» **TASK INSTRUCTIONS**
From the data below, retype exactly the lines starting with the one that contains "PVC透明粗细磨砂手机店通讯数码电脑家电维修名片免费设计制作包邮SGZ0073" and ending with the one that contains "Titel: Die Aufschreibesysteme", both included.

» **DATA RECORDS**

+ + + + +

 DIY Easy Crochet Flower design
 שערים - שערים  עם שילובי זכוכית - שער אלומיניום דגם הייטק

+ + + + +

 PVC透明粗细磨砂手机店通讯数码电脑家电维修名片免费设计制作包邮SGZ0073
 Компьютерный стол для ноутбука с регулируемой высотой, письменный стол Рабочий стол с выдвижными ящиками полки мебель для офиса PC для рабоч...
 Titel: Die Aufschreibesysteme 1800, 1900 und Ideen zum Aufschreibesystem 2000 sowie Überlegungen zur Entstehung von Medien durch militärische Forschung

+ + + + +

» **EXERCISE RESPONSE**
 PVC透明粗细磨砂手机店通讯数码电脑家电维修名片免费设计制作包邮SGZ0073
 Компьютерный стол для ноутбука с регулируемой высотой, письменный стол Рабочий стол с выдвижными ящиками полки мебель для офиса PC для рабоч...
 Titel: Die Aufschreibesysteme 1800, 1900 und Ideen zum Aufschreibesystem 2000 sowie Überlegungen zur Entstehung von Medien durch militärische Forschung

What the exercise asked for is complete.